Personal information
- Full name: Ronald Oldham Doig
- Born: 10 July 1909 Fremantle, Western Australia
- Died: 17 September 1932 (aged 23) Beaconsfield, Western Australia

Playing career^{1}
- Years: Club / Games (Goals)
- 1927–32: South Fremantle / 99
- ^{1} Playing statistics correct to the end of 1932.

= Ron Doig Sr. =

Australian sportsman

Ronald Oldham Doig (10 July 1909 – 17 September 1932) was an Australian sportsman who played Australian rules football for South Fremantle in the West Australian Football League (WAFL) and first-class cricket with Western Australia.

A member of the famous Doig sporting family of Fremantle, Ron was a first cousin of Australian rules footballer George Doig. He made his debut for South Fremantle at the age of just 17 in 1927 and by 1930 was representing Western Australia at interstate football. He was captain of South Fremantle in 1931 and captain-coach in 1932.

On the cricket field, Doig was a right-arm fast-medium bowler and right-handed batsman. He made three first-class cricket appearances for Western Australia, the first of which came in 1926/27 against South Australia. Doig did not bowl and instead played as a top order batsman, making scores of eight and five.

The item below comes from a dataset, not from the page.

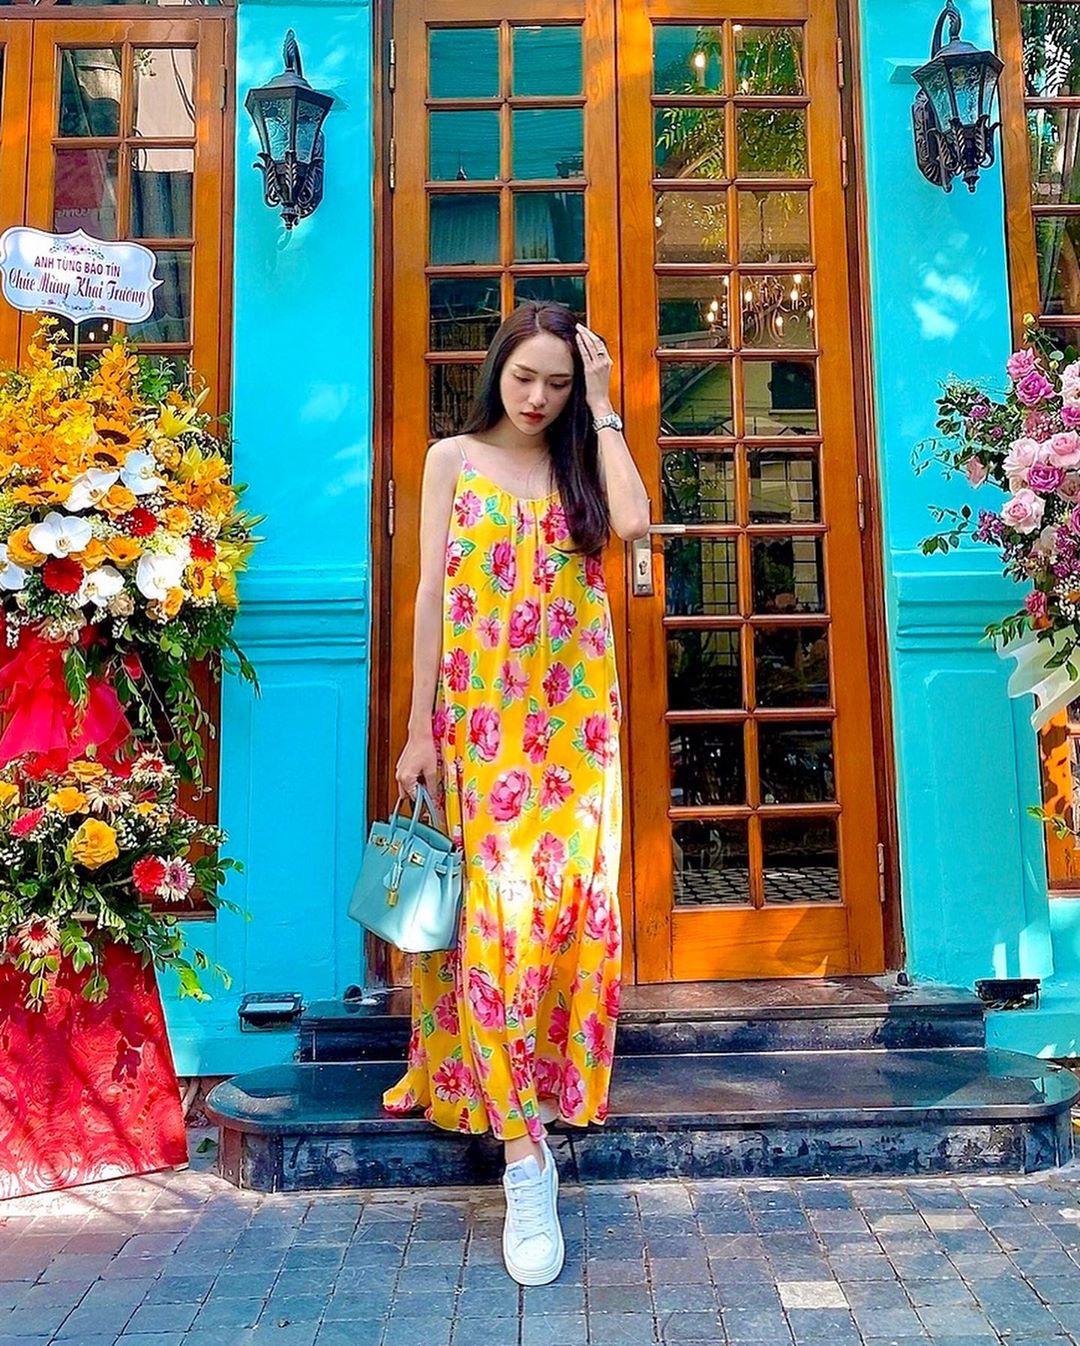 Nhìn Hương Giang, chị em biết đôi sneaker trắng vi điệu đến thế nào - Ảnh 1.

He had to wait until 1931 to play again at first-class level, with his opportunity coming when South Africa toured. Batting at four, he failed to impress with the bat but took what would be the only wicket of his first-class career, bowling opener Herbie Taylor. When South Africa returned to Perth five months later, Doig made his only other first-class appearance but he did not affect the game.

In the finals of the 1932 WANFL season, Doig, who was now captain-coach of South Fremantle, was injured during a match against East Perth. He died from his injuries later that night after suffering from convulsions. The coroner investigated the death and declared it was an accidental death, but was critical of the lack of control by the umpire, the roughness of the play and the fact that the medical staff did not have the right to order players from the field.

An outpatient building at Fremantle Hospital was built in his honour by "his fellow sportsmen and sincere admirers", with the foundation stone unveiled by Alick McCallum on 8 October 1933.